Дядя Джоли подходит к окну. Вглядывается в горы.
- Где будут похороны?
- Отсюда недалеко. На кладбище, где похоронен мой муж, Господь упокой его душу. У нашей семьи есть свое место.
Она произносит это таким будничным тоном, что я начинаю всматриваться в ее лицо: а любила ли она вообще своего сына? А может, она будет скорбеть украдкой и рвать на себе волосы, когда все уйдут?
В кухню заходит мальчик. Достает из холодильника молоко и только сейчас замечает наше присутствие. Когда он оборачивается, меня словно током ударяет - так он похож на Хадли.
- Ты Ребекка?
Я молча киваю.
- А ты…
- Кэл, - представляется он. - Младший брат. Был. - Он поворачивается к маме. - Нам пора? - На нем фланелевая рубашка и джинсы.

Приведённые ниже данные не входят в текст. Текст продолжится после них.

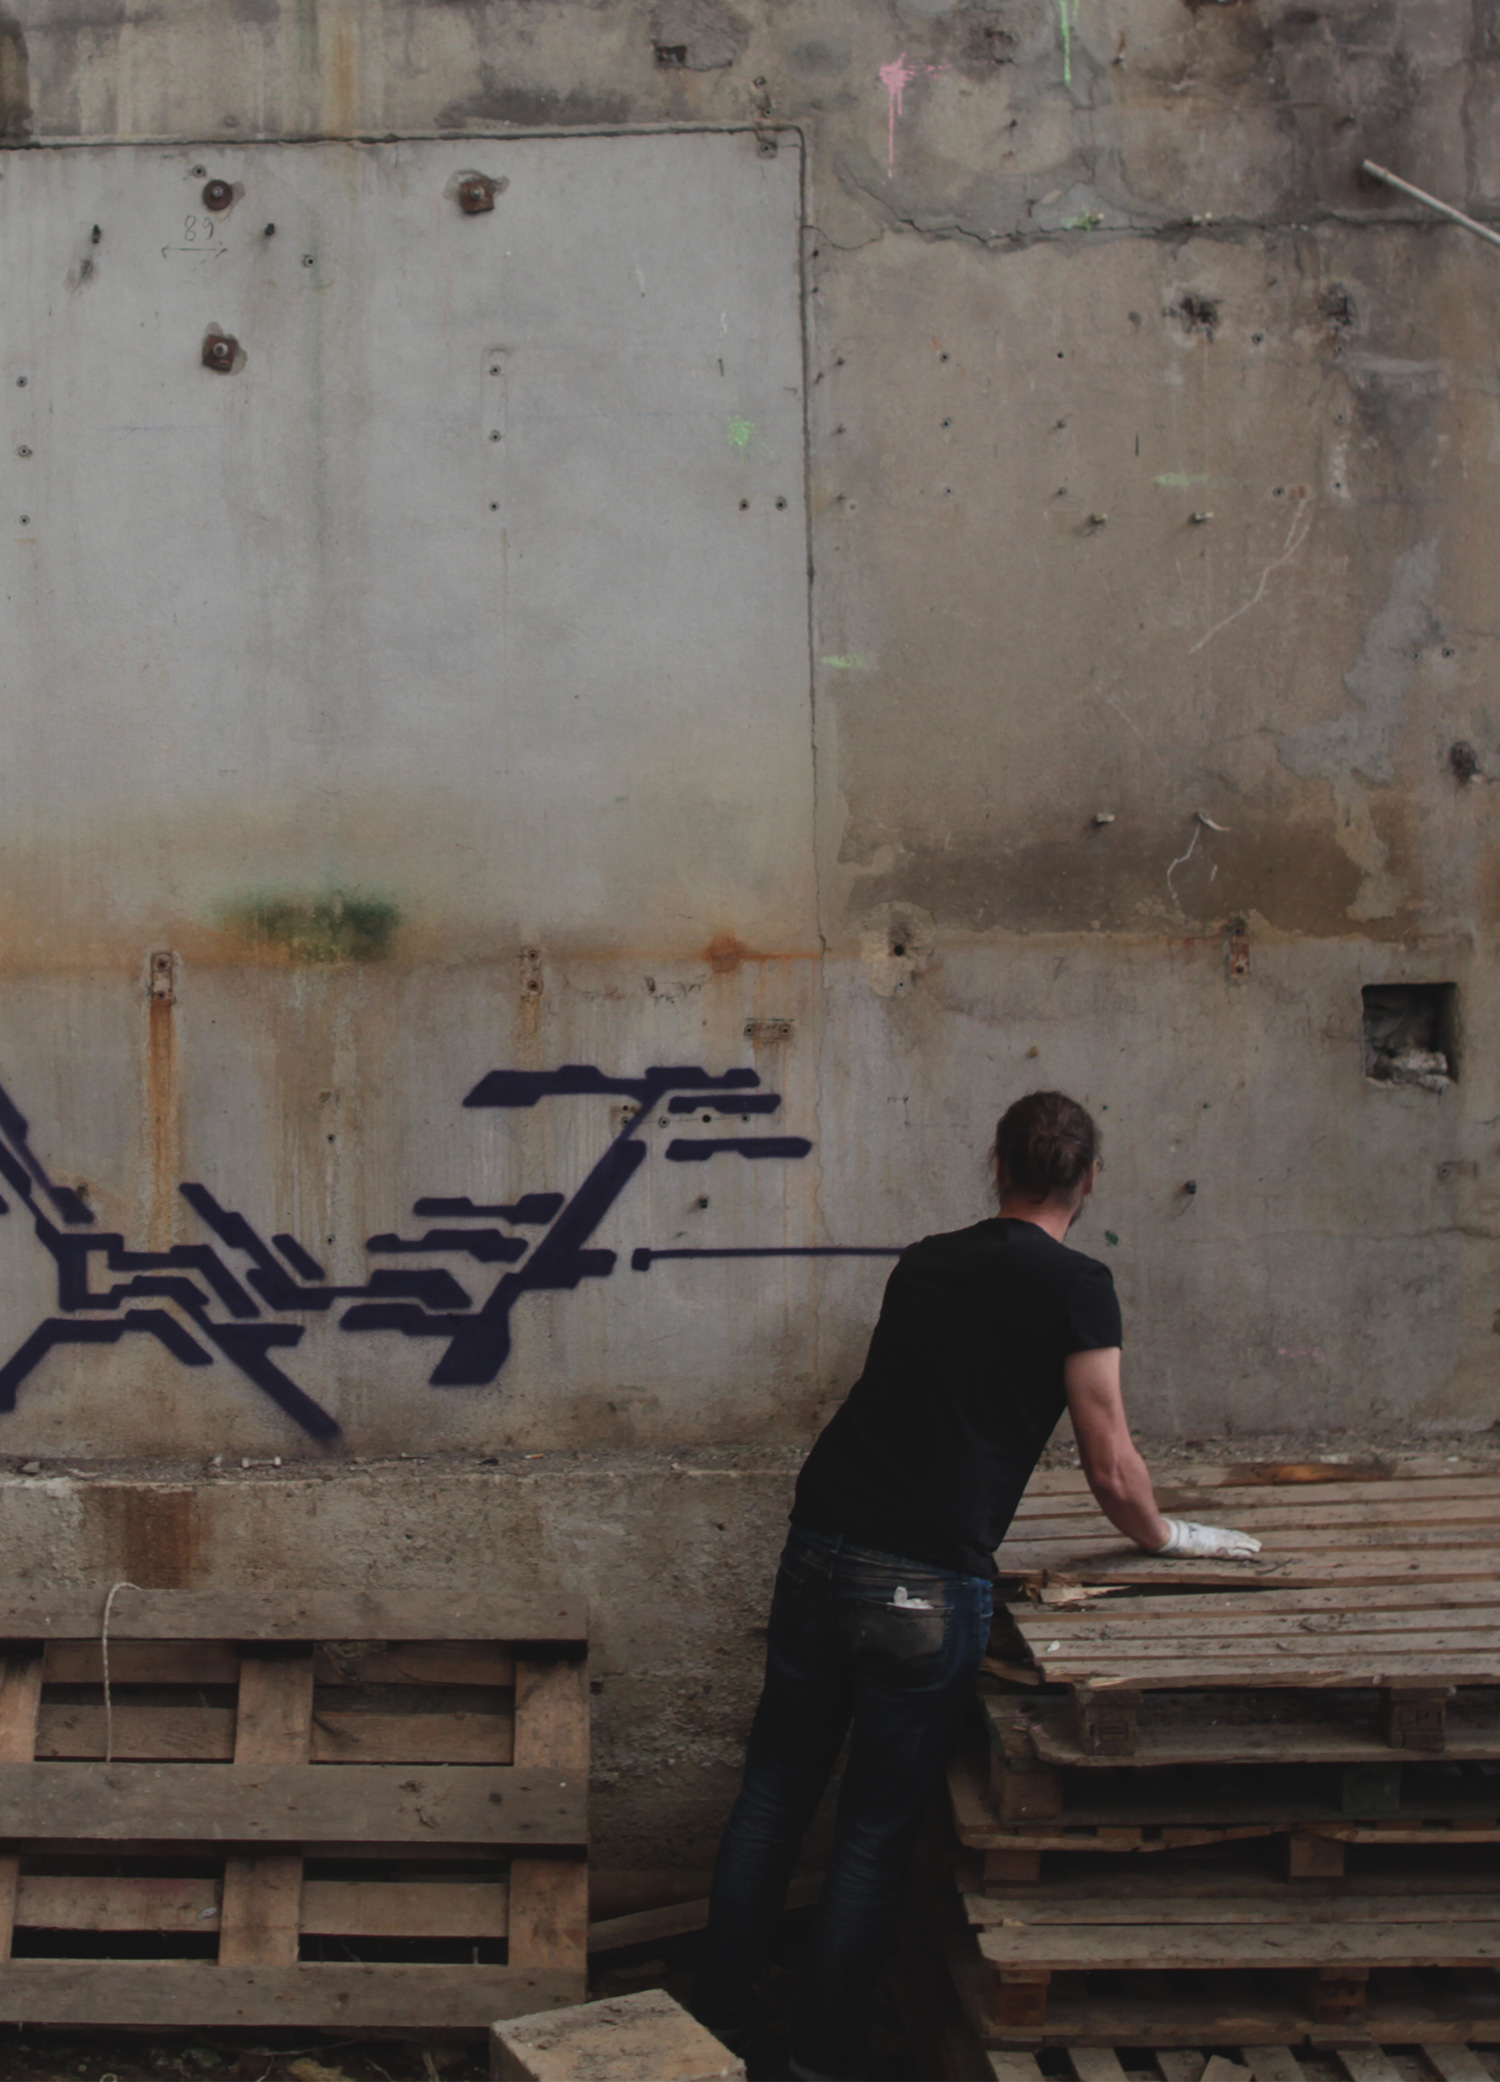 Lek-Sowat-DMV-da-mental-vaporz-urbex-usine-saint-etienne-graffiti-soldart-tag-montana-bombe-spray-Hugo-soie-saint-just-saint-rambert-royx-nicolas-royol-13

Кэла, двух школьных друзей Хадли и дядю Джоли просят отнести гроб на кладбище. Там стоит священник, который проводит теплую, уважительную панихиду. В середине службы на гроб опускается дятел. И начинает клевать венок из цветов. Десять секунд миссис Слегг спокойно наблюдает за происходящим, потом кричит, чтобы священник прервал панихиду. Она падает на землю, ползет к гробу и хватается за венок. Неожиданная суета вспугнула птицу. Кто-то уводит мать Хадли.
На кладбище я не роняю ни слезинки. Куда бы я ни повернулась, отовсюду вижу эту гору, которая ждет, чтобы опять забрать Хадли, когда его опустят в землю. А я останусь с червями, с твоими слугами, гора. Я ловлю себя на мысли, что, как бы ни старалась, не могу вспомнить, откуда это выражение. Наверное, учили в школе, но верится с трудом. Кажется, это было уже так давно - теперь я совершенно другой человек.
Четверо мужчин выступают вперед и медленно на кожаных ремнях опускают гроб в землю. Я отворачиваюсь. До этого момента я делала вид, что Хадли вообще здесь нет, что это всего лишь видимость и он ждет меня в Большом доме. Но я вижу, как напрягаются мышцы на спине у дяди Джоли, как белеют костяшки пальцев Кэла, - это убеждает меня в том, что в этом нетесаном горчичного цвета ящике на самом деле что-то лежит.
Я закрываю уши руками, чтобы не слышать, как гроб с глухим стуком ударяется о землю. Накидка распахивается у меня на груди, открывая шрамы. Никто ничего не замечает - кроме миссис Слегг. Она стоит чуть поодаль и еще сильнее заливается слезами.
Перед тем как покинуть кладбище, Кэл дарит мне рубашку, которая была на Хадли в ночь перед гибелью. Ту, в которую я завернулась, когда пришли отец с Сэмом. Синяя фланелевая рубашка в черную клетку. Он складывает ее треугольником, как флаг. Потом вправляет углы внутрь и протягивает мне. Я не говорю "спасибо". Не прощаюсь с безутешной матерью Хадли. Вместо этого я позволяю дяде увести меня к машине. Практически в молчании он отвозит меня назад, где все ожидают крушения своих надежд.